I was blindsided by the question, and had no idea how to answer. I still have no idea. But she was clearly very troubled by my non-belief.
I said that there were a lot of reasons, but at a restaurant for breakfast wasn’t the time or place to talk about it. That, at least, should buy me a little time to figure out what to say, I thought.
But Little C wasn’t quite satisfied yet.
“Is it because you don’t know him?” she asked. The hope in her voice was heartbreaking. I could see the wheels turning in her head, and it was immediately clear that she wanted this to be the reason, because she could fix it if it was. She’s been going to Sunday school for years, and now she probably has daily religion lessons. She could introduce me.
“No, sweetie,” I said gently. “That’s not why.”
And to my relief, she let it drop.
But I know it’s going to come up again. And I’ve been thinking about it all day, and I keep coming up against the same obstacles.
My reasons for not believing are, at best, complicated. At worst, they are pretty fucking dark.

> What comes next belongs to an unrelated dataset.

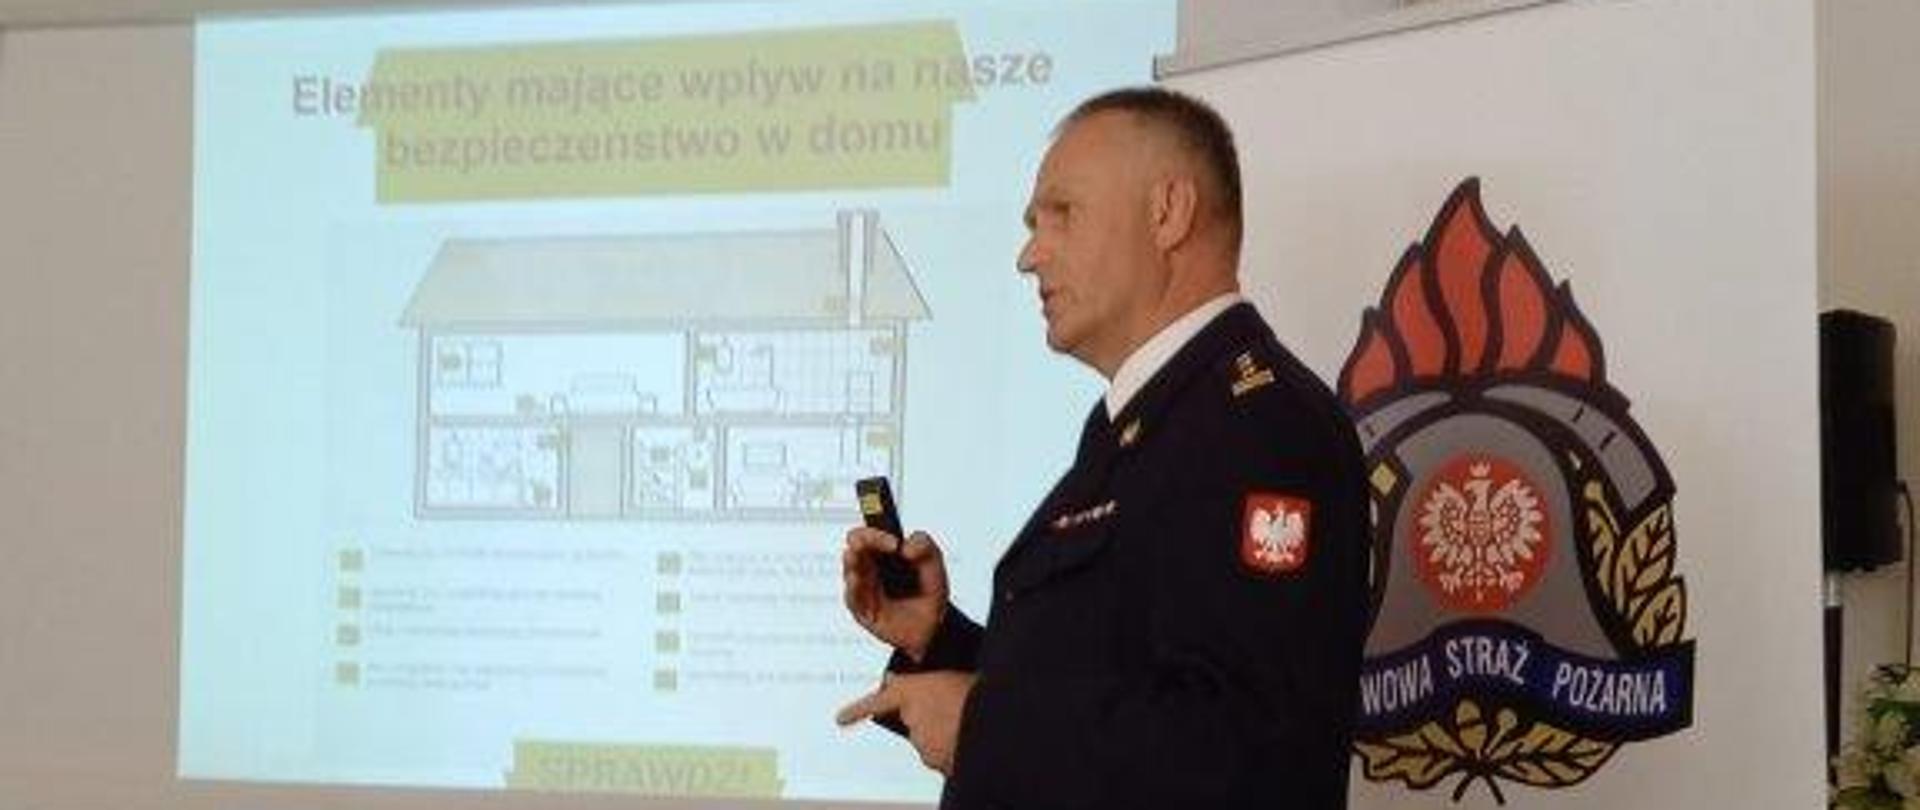 Na zdjęciu widoczny jest zastępca komendanta powiatowego jako prelegent kampanii Nowy sezon grzewczy w pomieszczeniu Urzędu Miasta Krosno Odrzańskie.
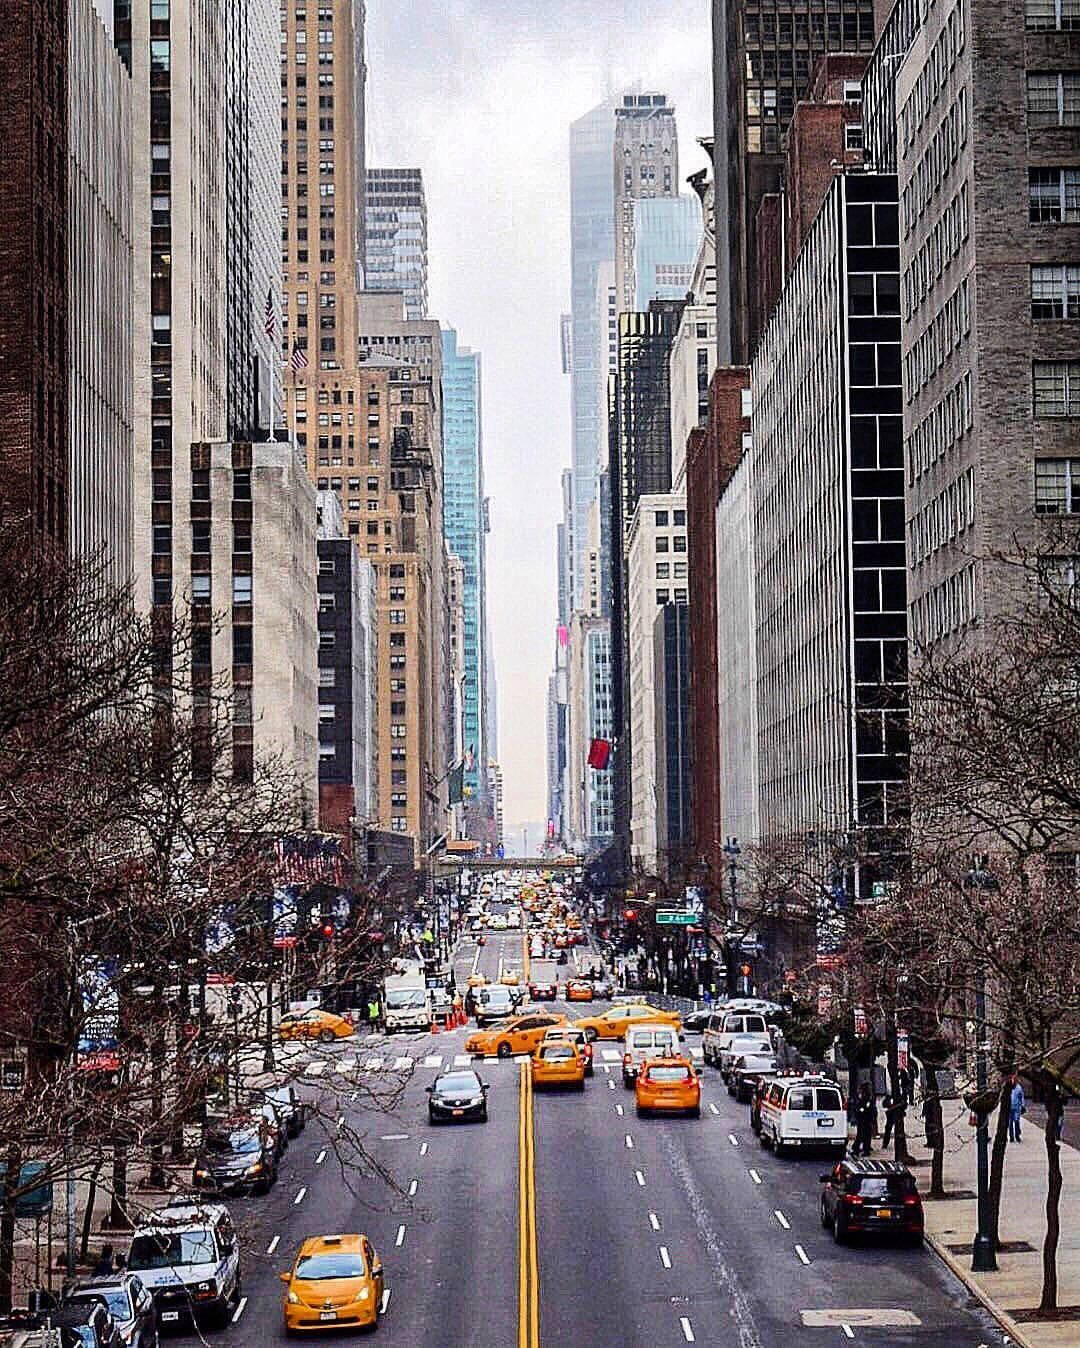 Tag et gåtur ned ad New Yorks ikoniske gader Wallpaper

How do you explain to a six-year-old that each person you worked with who was traumatized past the point of being able to live a functionally healthy life chipped away at your faith in a benevolent higher power? How do you explain to her the impossibility of reconciling a loving god with the knowledge that there are children born every day who will only know poverty and hunger and sickness and war for the entirety of their short and painful lives?
How do you explain to her how many nights you laid awake crying and begging a god who never answered for relief from the bewildering pain that took over your own body?
How do you explain to her that at a certain point, you had to accept the reality that either there was no one listening to your prayers, or that whoever was listening was indifferent to your pain, and if it’s the latter, then fuck him?
No, it isn’t because I don’t know God. It’s because life has led me to decide he’s not worth knowing.
I honestly hope her life never leads her to those conclusions.
So how could I ever be the one to point her in that direction?